Trois agents pénitentiaires condamnés pour non assistance à personne en danger au CP du Havre

Centre pénitentiaire du Havre, 14 avril 2011. Mansour Konte, 22 ans, est au quartier disciplinaire (QD), depuis la veille, après avoir « posé de nombreux problèmes de comportement, notamment insulté des surveillants ».

La Cour d’appel de Rouen, dans un arrêt du 17 avril 2014, raconte sa matinée : peu après huit heures, après avoir refusé son petit déjeuner et « fait savoir par l’interphone qu’il n’était pas bien », Mansour retire le bas du pyjama en papier « anti-suicide » qui lui a été passé de force la veille. Il l’enroule autour de son cou, s’accroche au grillage du sas de sa cellule, un pied sur la cuvette des WC, l’autre à terre. A 8h20, il fixe « d’un regard dur » les surveillants qui jettent un œil depuis la porte… et poursuivent leur ronde. Deux fois, à cinq minutes d’intervalle, les surveillants reviennent, regardent « soit à l’œilleton, soit à l’entrée du sas », et repartent. Mansour est toujours dans la même « posture dangereuse en elle-même ». A leur troisième passage, il est pendu. Ils ne parviendront pas à le ranimer. Seize minutes se sont écoulées entre leur première ronde et celle où ils le trouvent inanimé. Durant ce laps de temps, « il n’y a eu de la part des surveillants aucune tentative de dialogue avec le détenu, alors qu’un tel contact pouvait se mettre en place sans aucun danger pour eux ». Les caméras de vidéo-surveillance ont été nécessaires pour établir cette chronologie, les prévenus ayant fait preuve « d’une certaine mauvaise foi dans [leurs] déclarations ».

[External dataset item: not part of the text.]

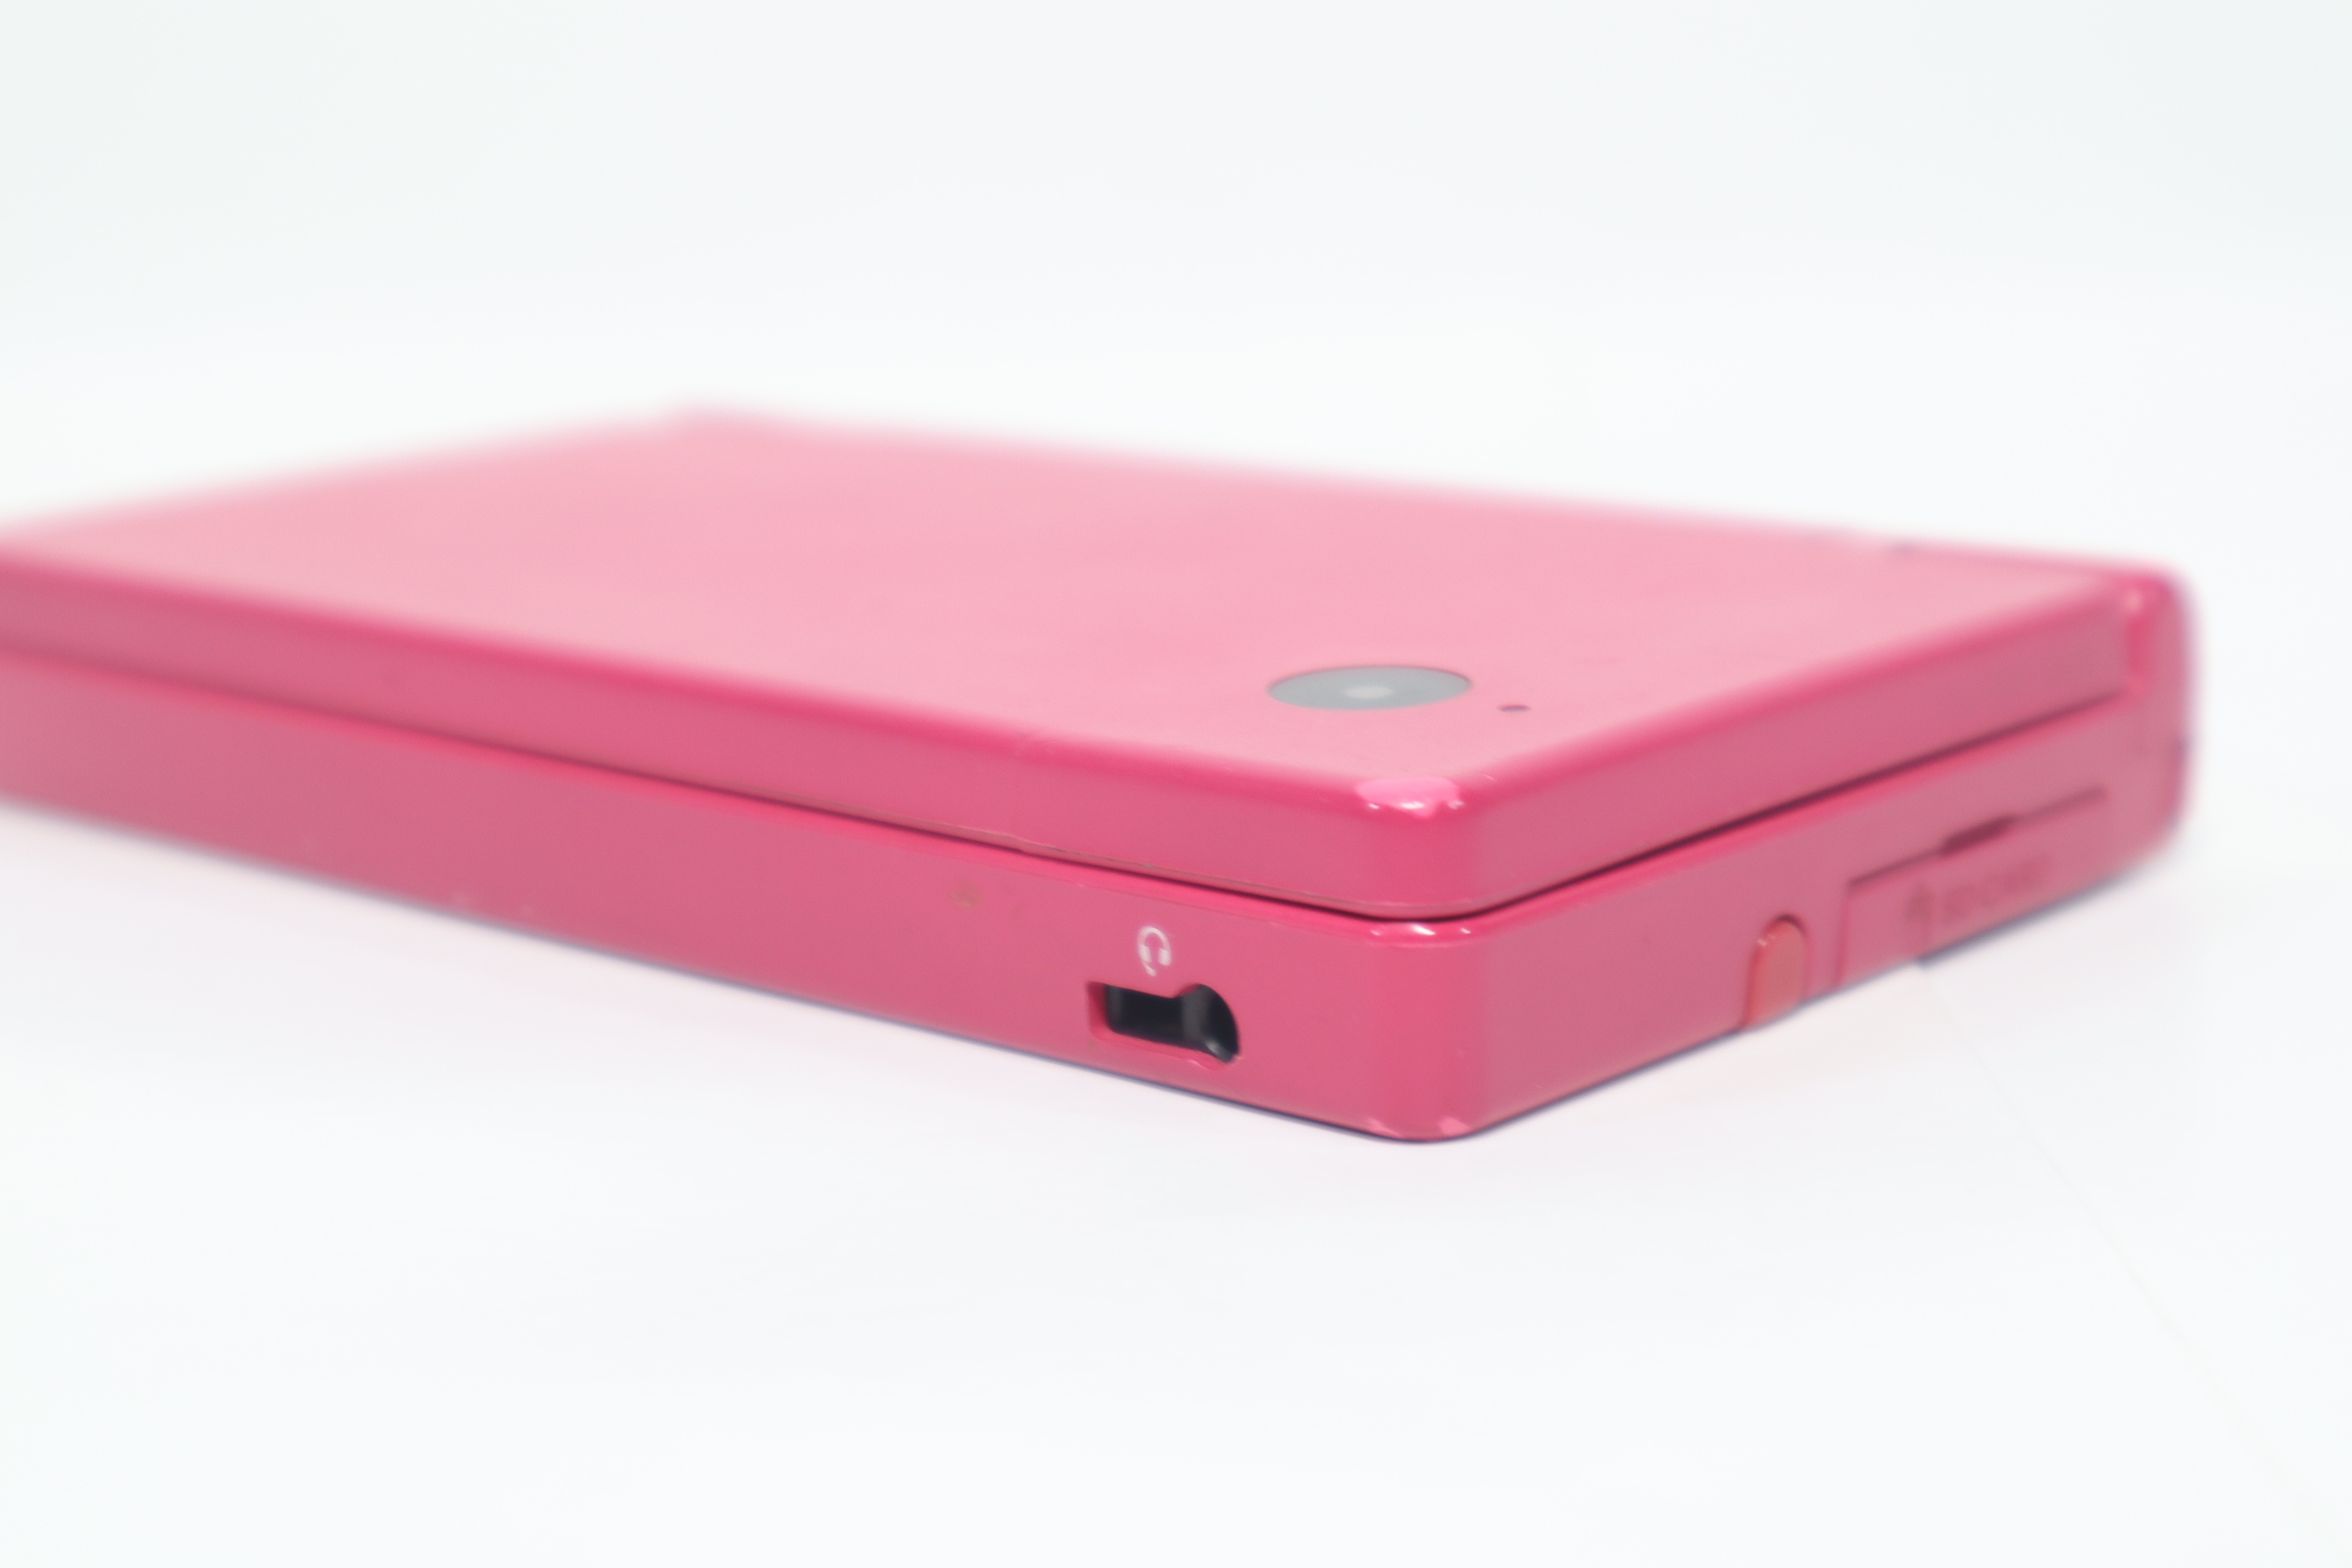 Pink Nintendo DSi System (Nintendo DS) – J2Games
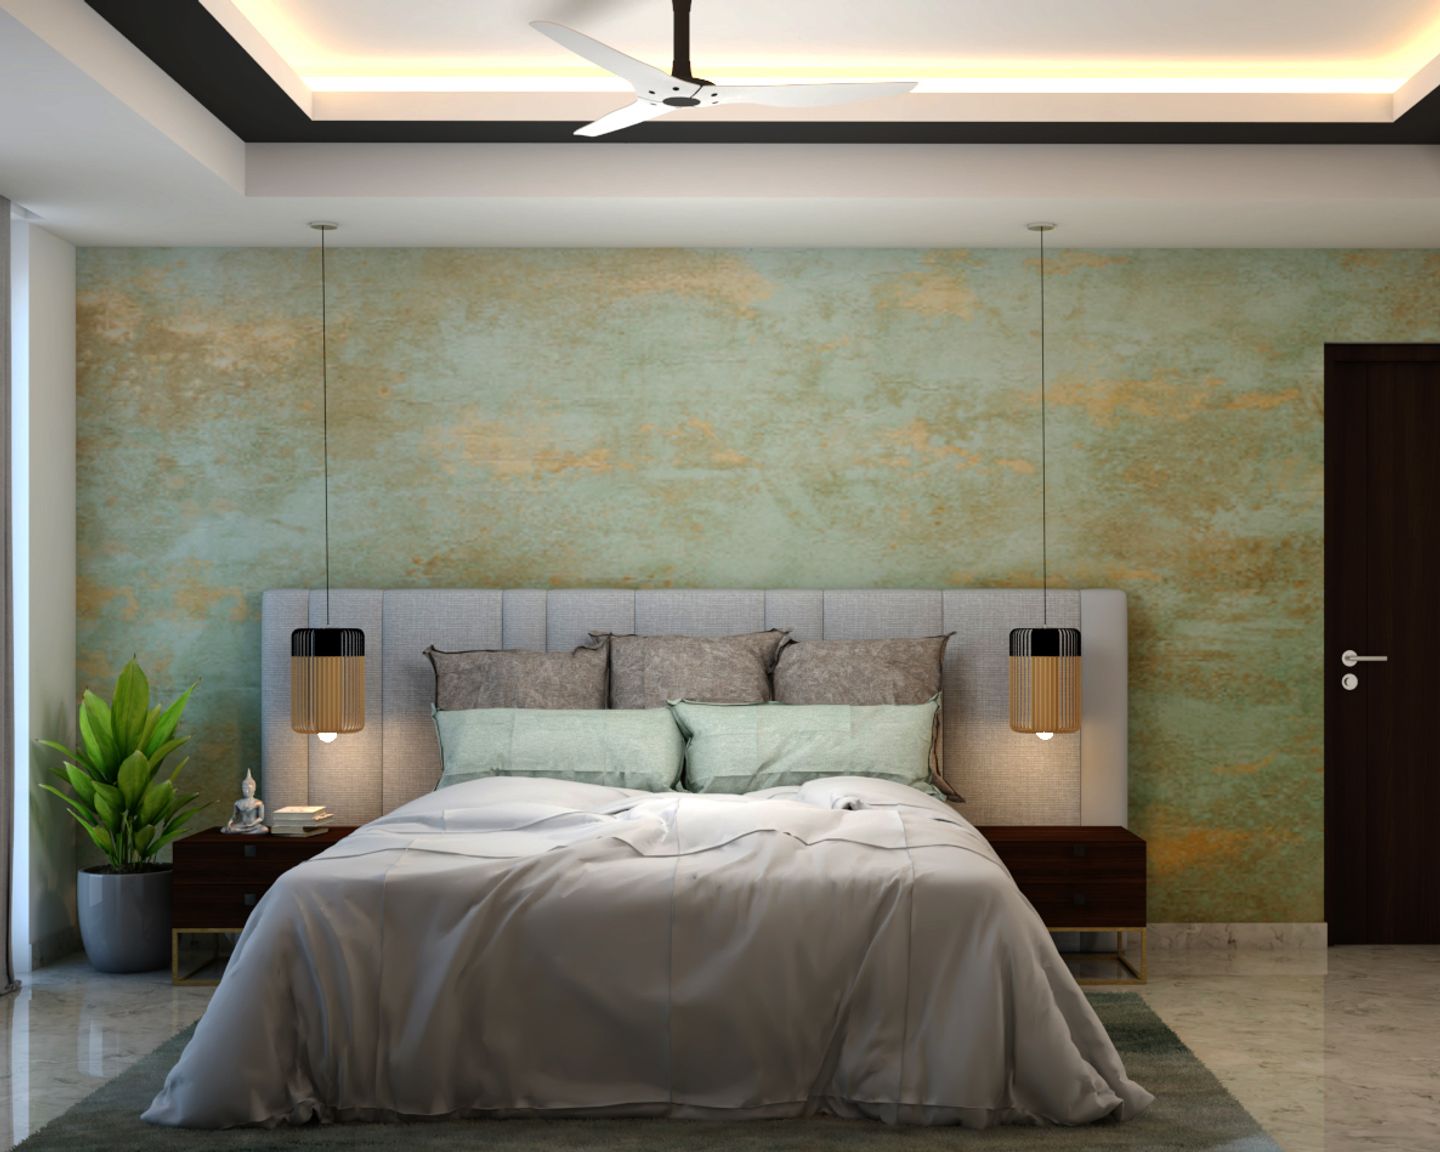 Spacious Bedroom Design With Wooden Nightstands | Livspace

En première instance, le tribunal avait prononcé la relaxe (jugement du 13 mars 2013), suivant les arguments des surveillants : ils se disaient convaincus que M. Konte simulait, pour obtenir son départ du QD. La non-assistance ne pouvait être retenue, puisqu’ils l’avaient décroché et avaient appelé les secours en le trouvant pendu. La Cour d’appel n’a pas suivi. « La situation de péril imminent ne pouvait qu’être connue des trois prévenus », estime-t-elle. « Tout d’abord, les faits se déroulent au sein du quartier disciplinaire, qui accueille les détenus les plus difficiles, en crise et notamment qui auraient manifesté des tendances suicidaires ». Par ailleurs, Mansour Konte « était repéré comme un détenu difficile qui avait fait déjà l’objet de nombreuses hospitalisations d’office et de plusieurs rapports d’incidents. Il était aussi signalé pour risques suicidaires. » Une situation « que n’ignoraient pas les trois surveillants ». L’un d’eux, déjà de service la veille au soir, avait surpris le détenu en train de préparer « ce qui avait été considéré comme une tentative de pendaison » et l’avait « sans hésitation » dissuadé de poursuivre cette action. « Alors que tous les clignotants étaient au rouge et que l’expérience comme le devoir professionnels commandaient une intervention immédiate, […] il a été décidé sciemment de ne pas [la] mettre en place », tranche la Cour d’appel. La responsable de l’équipe écope d’un an d’emprisonnement avec sursis, ses deux collègues de huit mois avec sursis.